## Work instructions
Exact copy, no pictures: return all the data below as written.

## Collected material
--- START ---

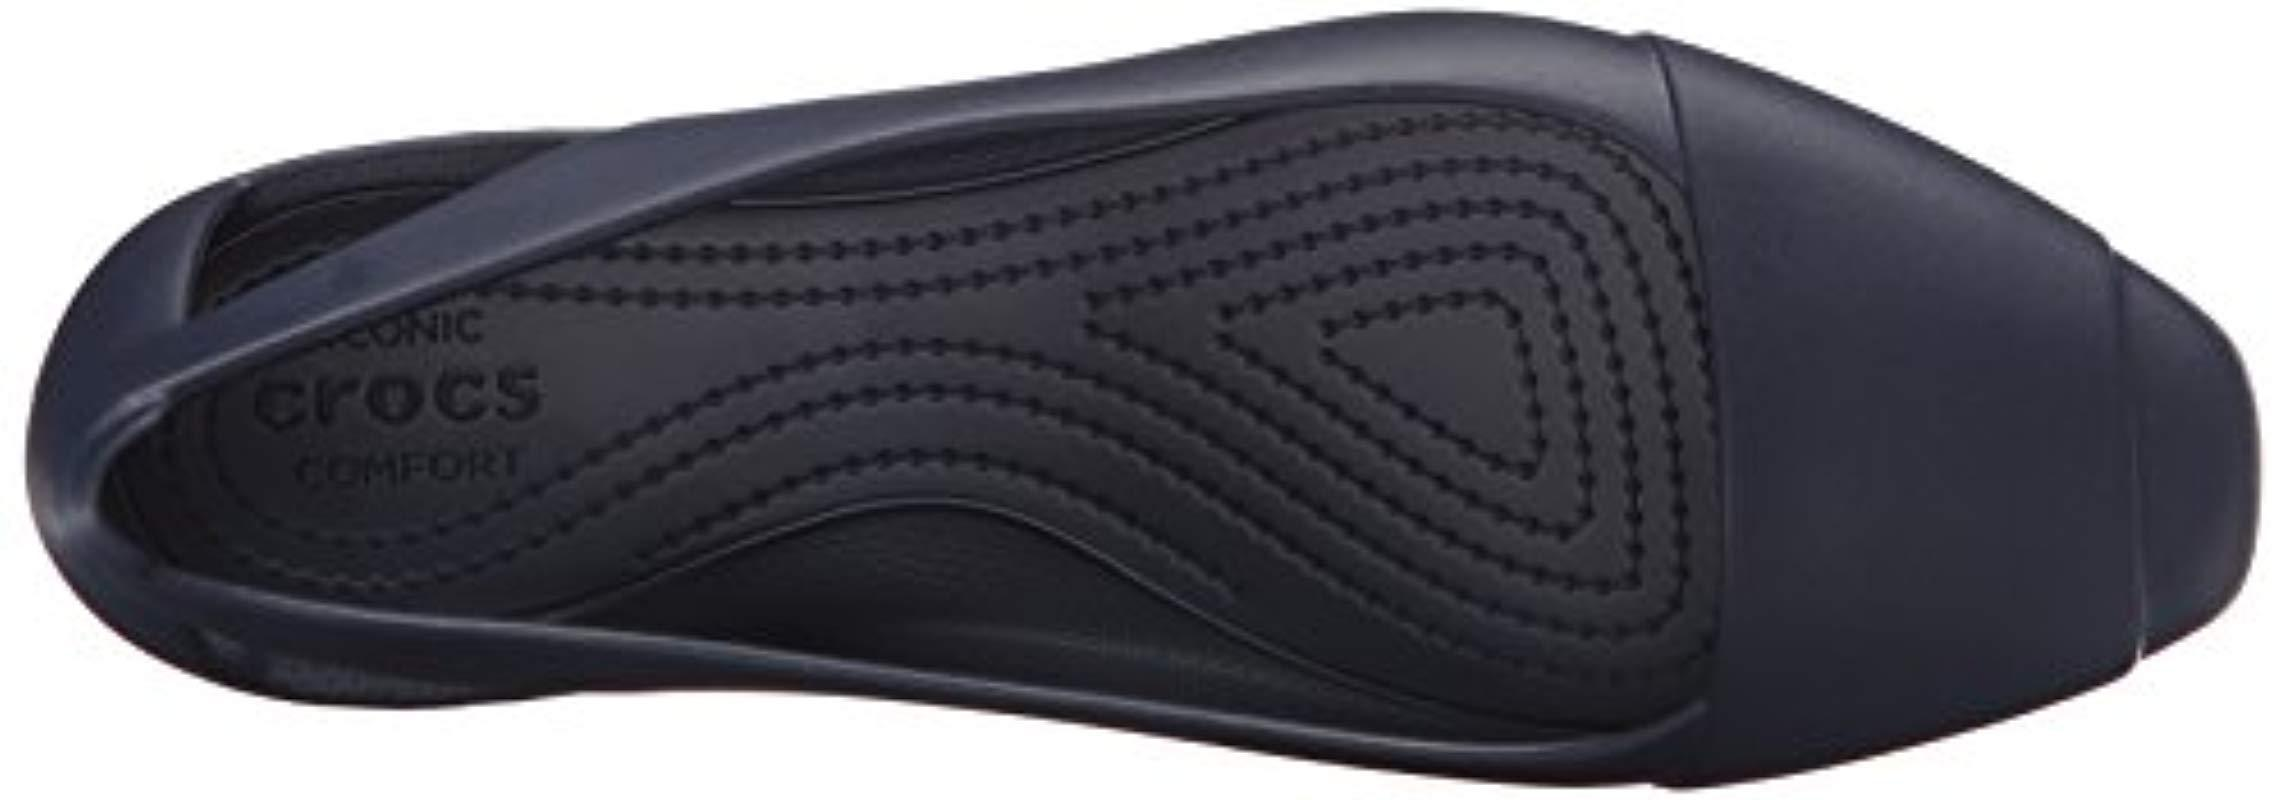 Sienna Flat Crocs�?de color Azul
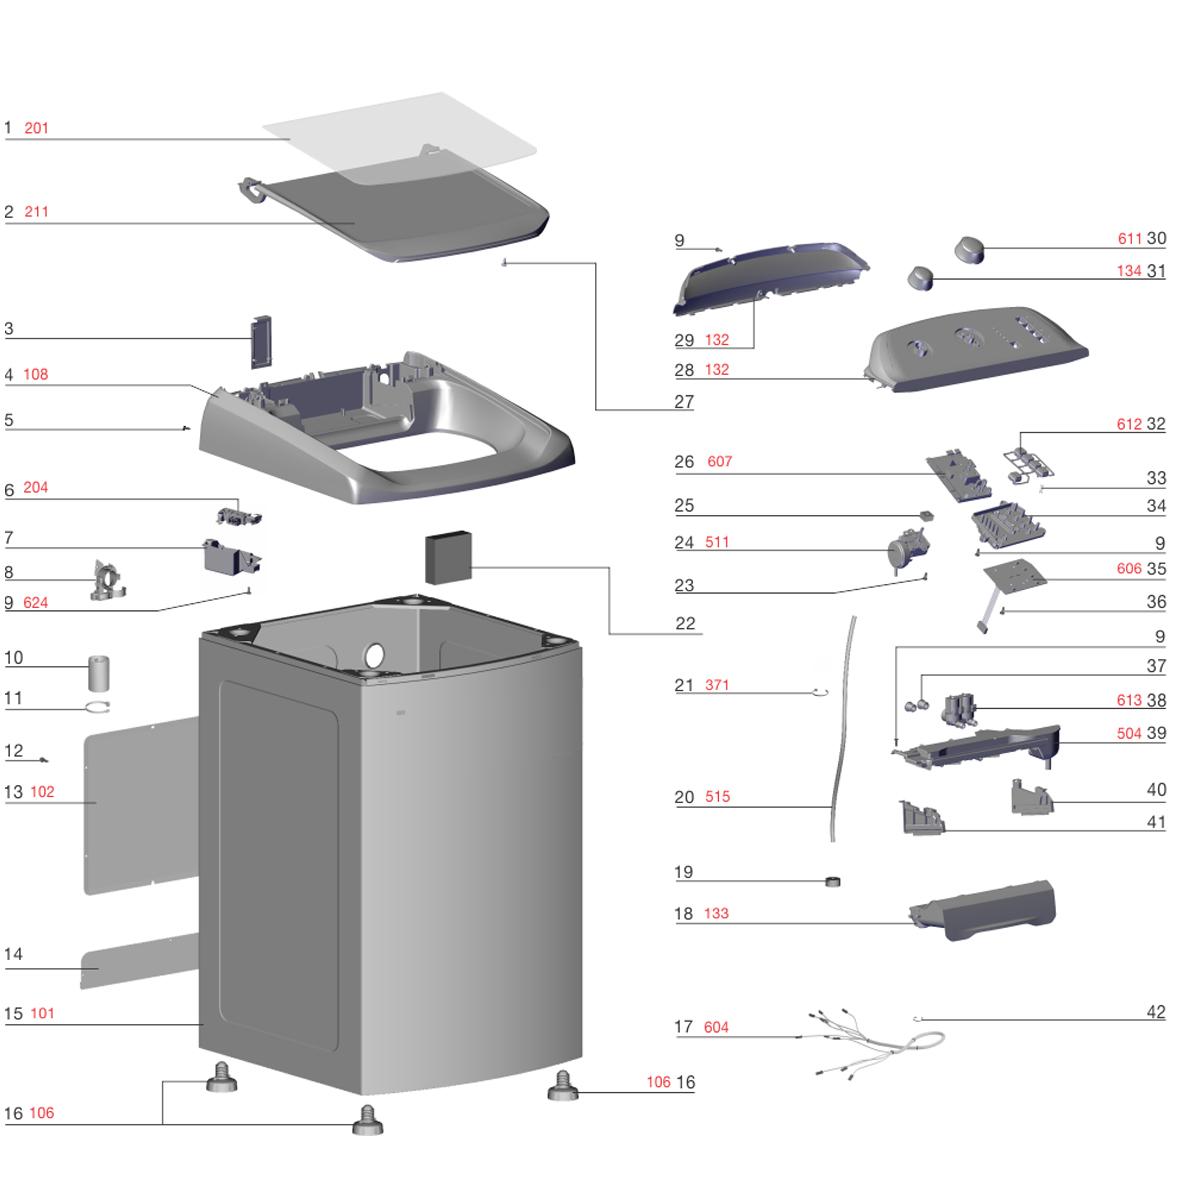 Placa Interface para Lavadora de Roupas Top Load Electrolux -  64503063
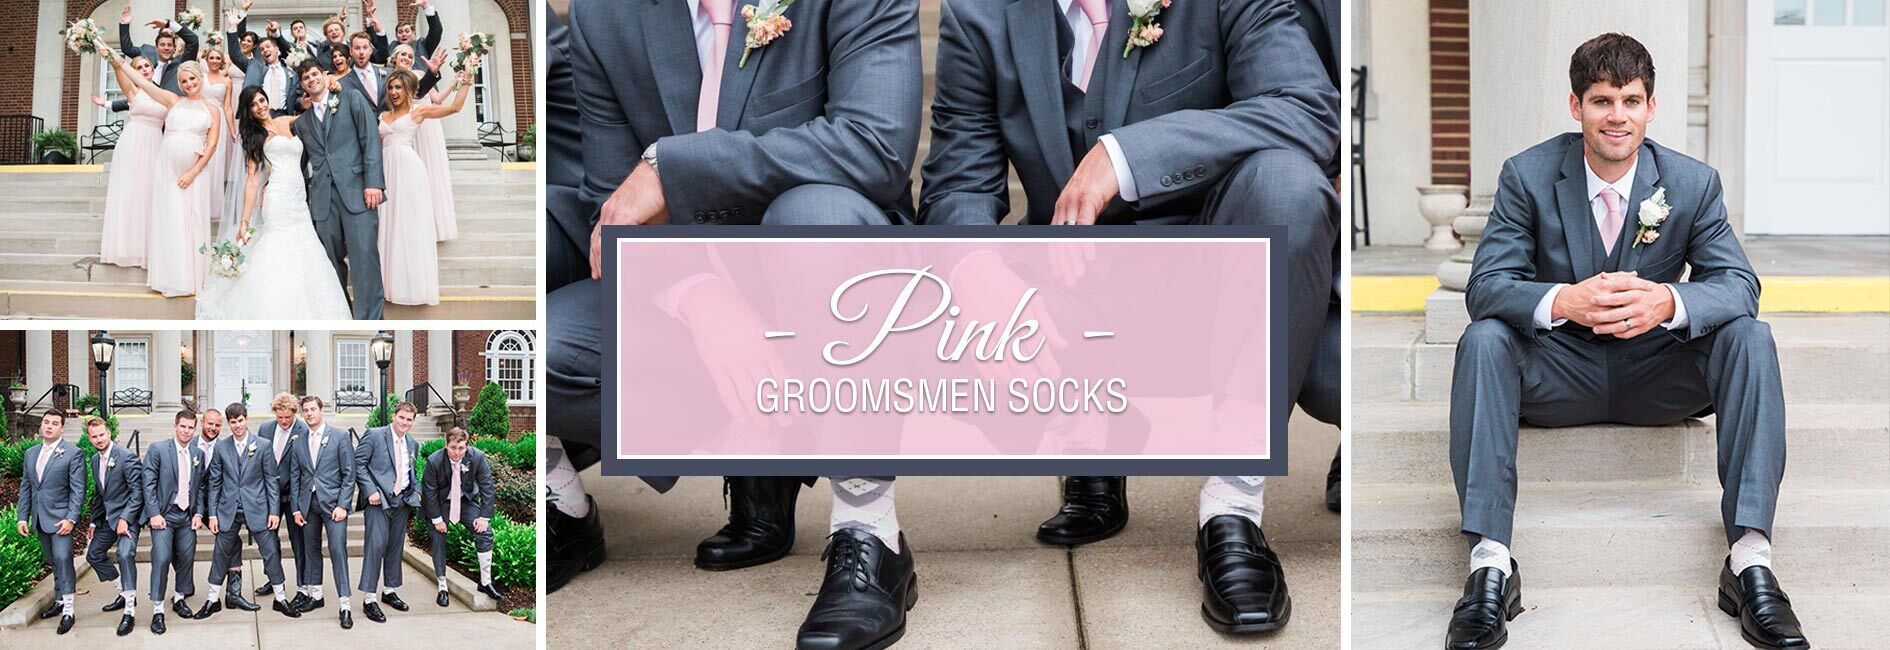 Pink Groomsmen Wedding Socks Banner
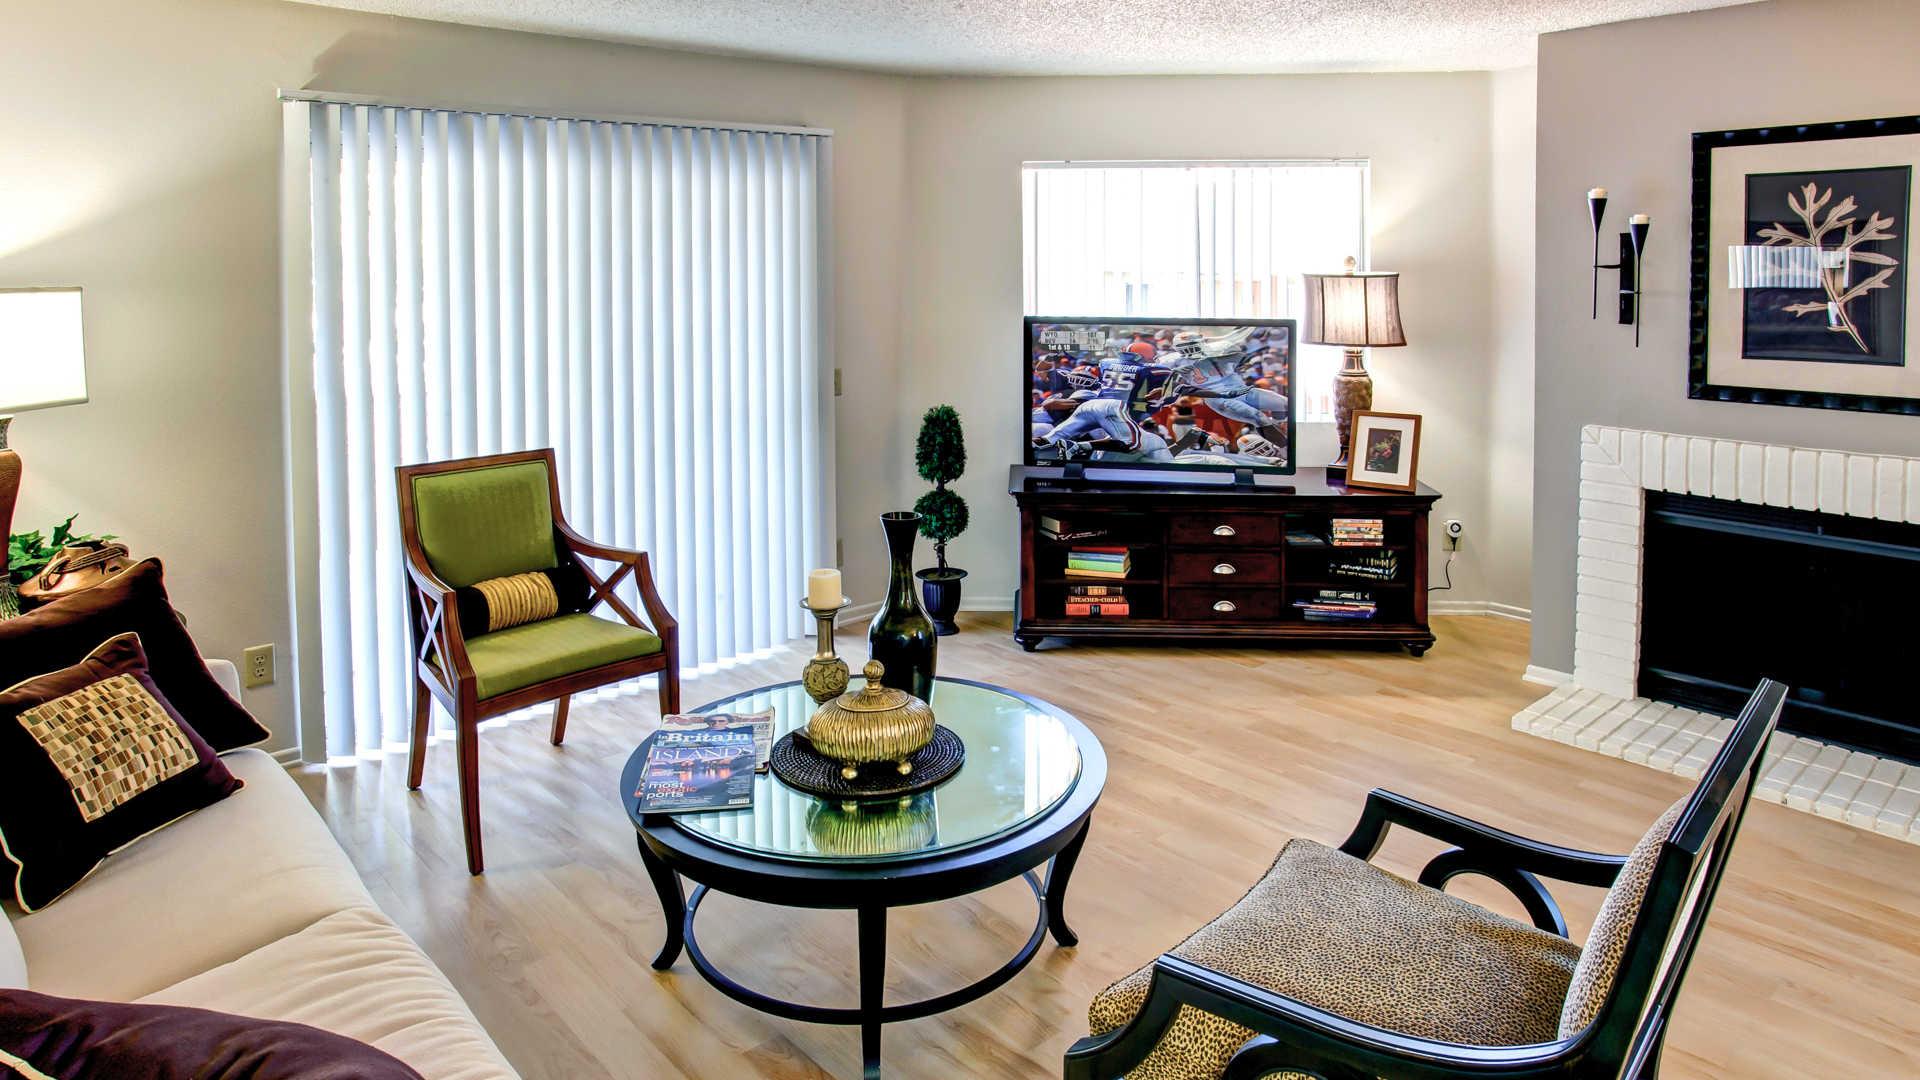 Villa Solana Apartments reviews in Laguna Hills Moulton Pkwy

--- END ---

## Expected output
 Sienna Flat Crocs�?de color Azul
 Placa Interface para Lavadora de Roupas Top Load Electrolux -  64503063
 Pink Groomsmen Wedding Socks Banner
 Villa Solana Apartments reviews in Laguna Hills Moulton Pkwy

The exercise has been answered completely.